As far as those copped bullets go, we havent tried those dudes yet.
And as long as this topic gets discussed ther will always be different opines.
Greybox 100 grainers, try em. you too Brian.
 
Thanks a lot Reloader28, if you are the only one who buys them, they will quit making them. Of course there would be lots of leftovers on the clearance/shelf, OK you win.

I have helped track quite a few deer that were "shot broadside", by and large a broadside shot at the shoulder with any decent caliber will kill it, however when the bullet goes low and only strikes leg bone you will get a decent blood trail for 50-75 yards I mean one that makes you think its a done deal, then it begins to thin out quickly and disappears completely and you never see the deer again. They are worse than gutshots, at least if you stick with it you can often find them dead, but leg shots clot up quickly. Without a "body" to look at you don't know for sure what happened. I've seen several deer that were shot with a .243 and bullets I pesonally wouldn't use, specifically lighter weight HP varmit bullets but they were still dead, no exit wound but dead just the same, usually not far from where they were shot.

I do know that Ballistic Tips shot from a 7mm Rem Mag at short range (less than 50 yards) will put a deer down, stone cold dead, a little messy but very very dead. Any guessing at what happened on a shot that resulted in no dead deer is just that a guess. What Barnes XBT's I have shot are phenomenal penetrators, I used to shoot them out of my 7-08 Rem, 120 grain XBT's from several different angles , none of the bullets cared, hit (and from the looks of the insides) expand, and go right on, tremendous blood trails right to a dead deer.
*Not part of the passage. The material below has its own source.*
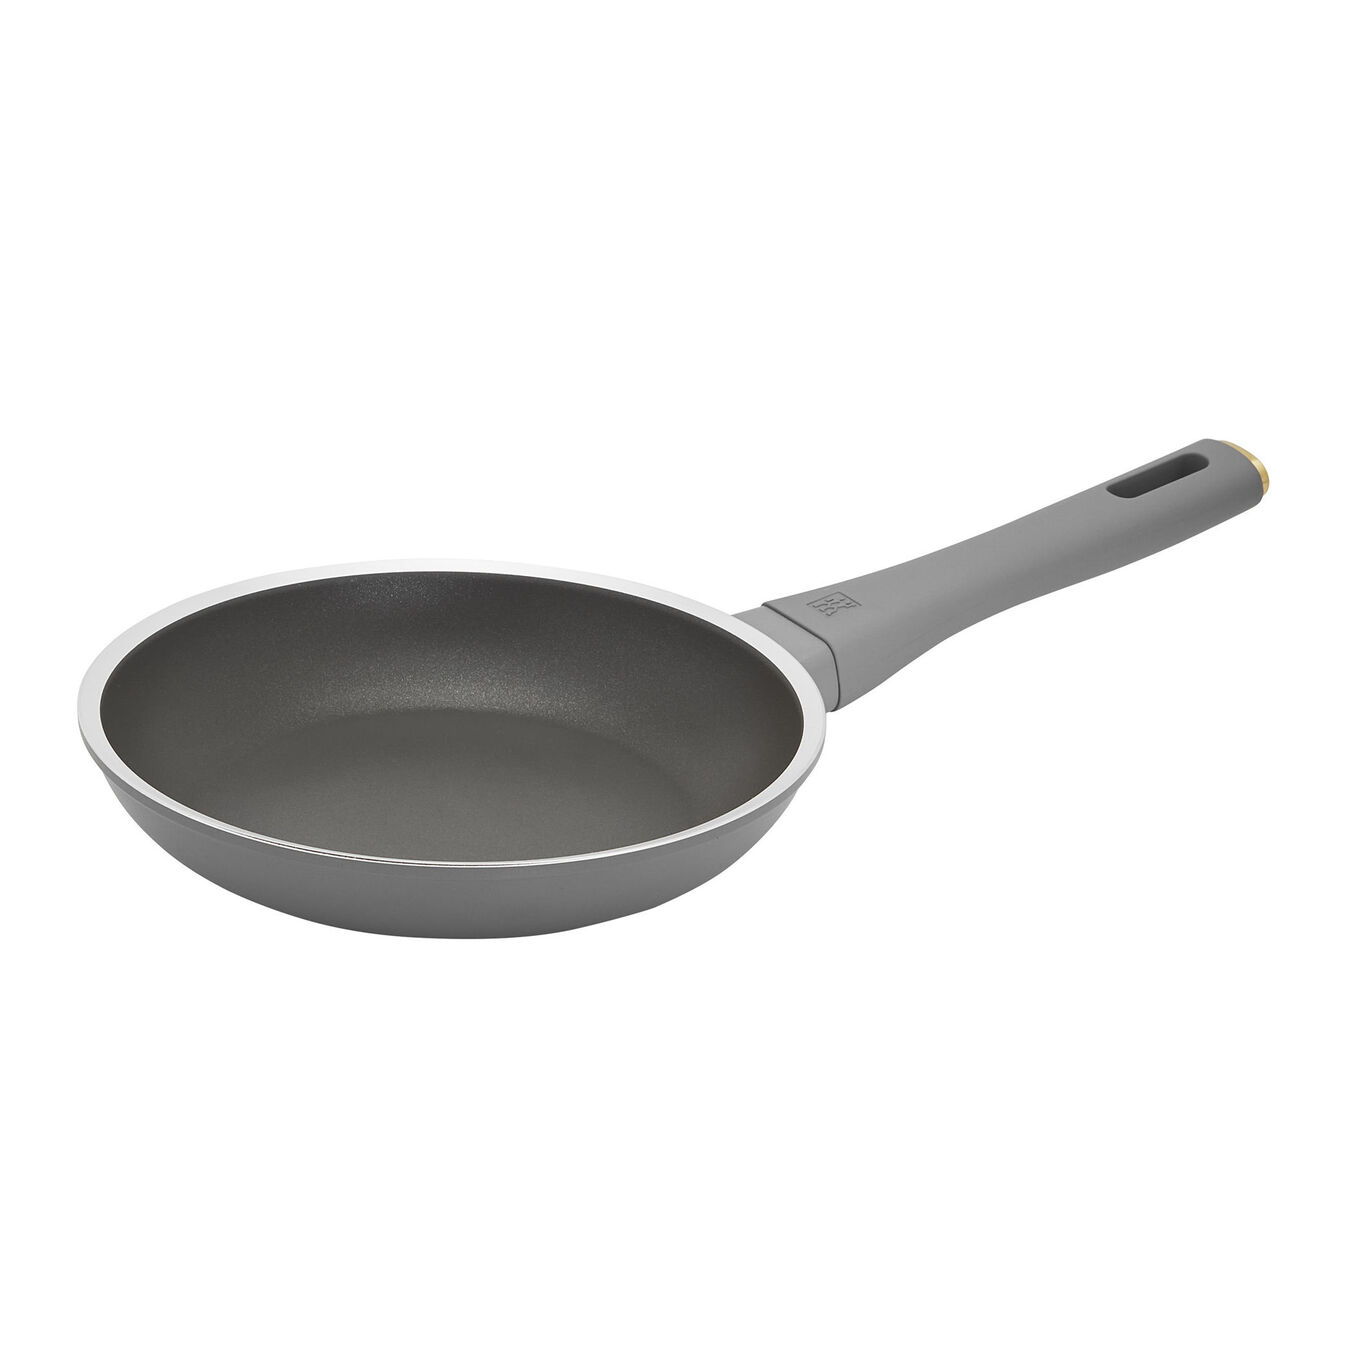 8-inch, Aluminium, Non-stick, Frying pan,,large 1

Rather than worry about exactly which "normal" bullet is the best, worry about which one the rifle likes, because if you put a 100 grain Hornady, Sierra, Speer, Cor-lokt whatever though the vitals of a deer you're gonna have to skin a deer.
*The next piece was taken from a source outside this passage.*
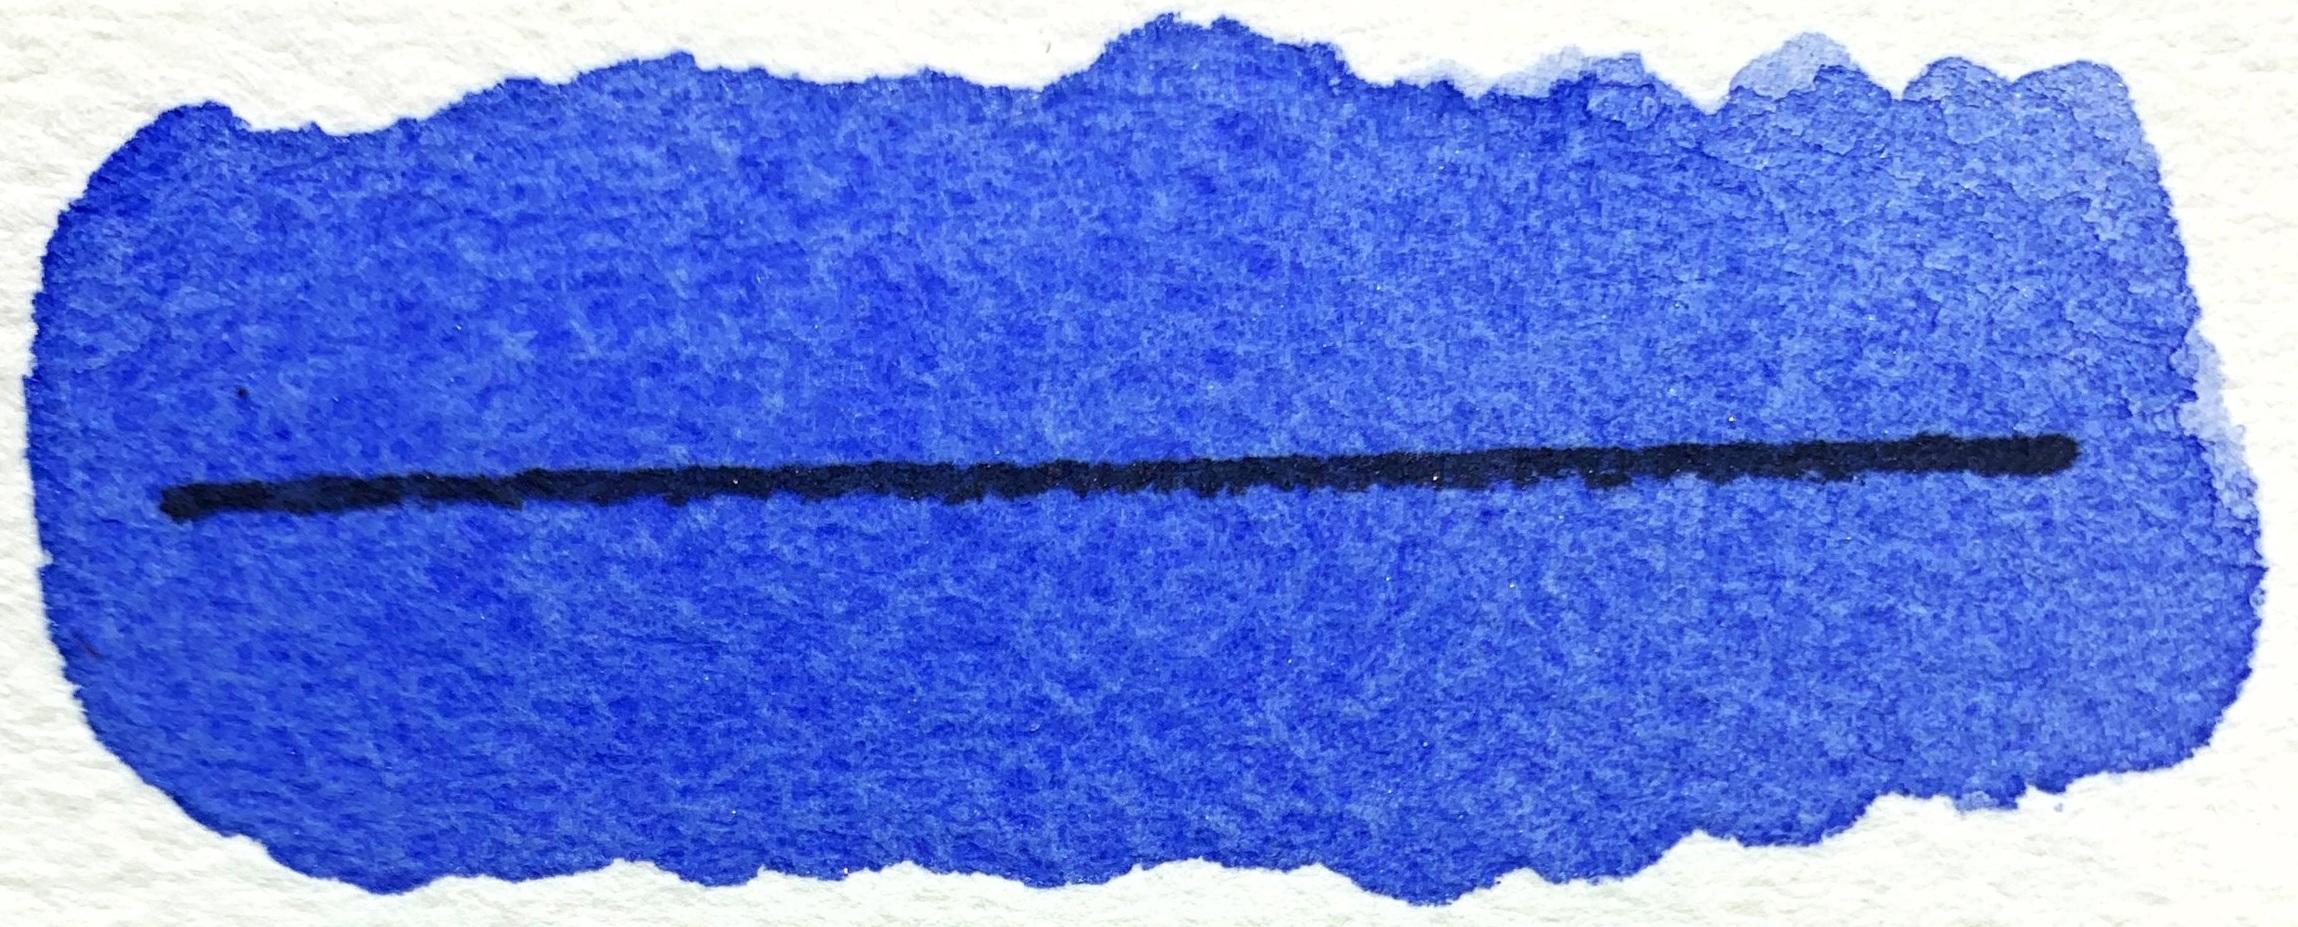 High Tide - PB29, semitransparent, excellent lightfastness , staining

Reloading is where it gets fun, so many choices that will work great, like being a kid in a candy store, nearly everthing is delicious you just have to pick what you like.:)
 
Quartering shots require the most penetration, which is the specialty of bullets like the GMX and TTSX line but you're saying those are the shots you'd pass on if you used those bullets? Those are the shots those bullets are BUILT for making. I've never passed on a shot because the gut job might be messy. That's just part of the game.
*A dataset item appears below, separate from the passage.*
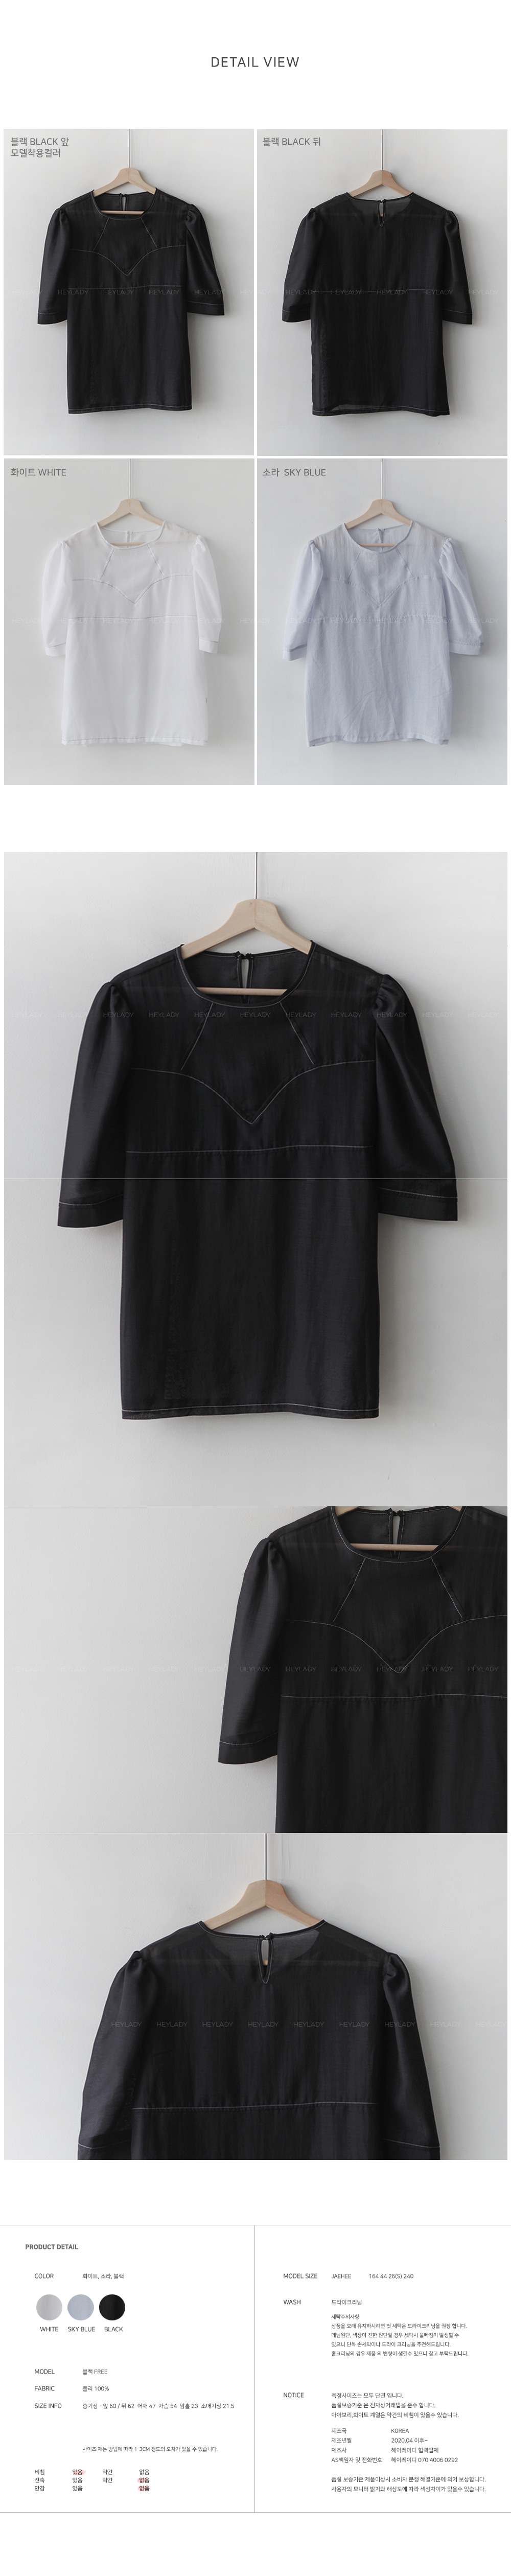 Baem stitch blouse

You are playing the game differently than I am, then: I shoot deer in order to eat them. Scattering poo and soon to be poo through the body cavity and beyond does not make for good table fare, IMO ..... YMMV, but I'd rather pass up the shot than season the meat with that stuff.
 
I guess my mileage does vary. I've seen quite a number a deer that were hit through the guts. The only ones that were really nasty were those that took a long time to die or especially those that were dead for a long time before they were gutted. Those shots were all accidental. The intentional, sharp angle shots have never been a problem.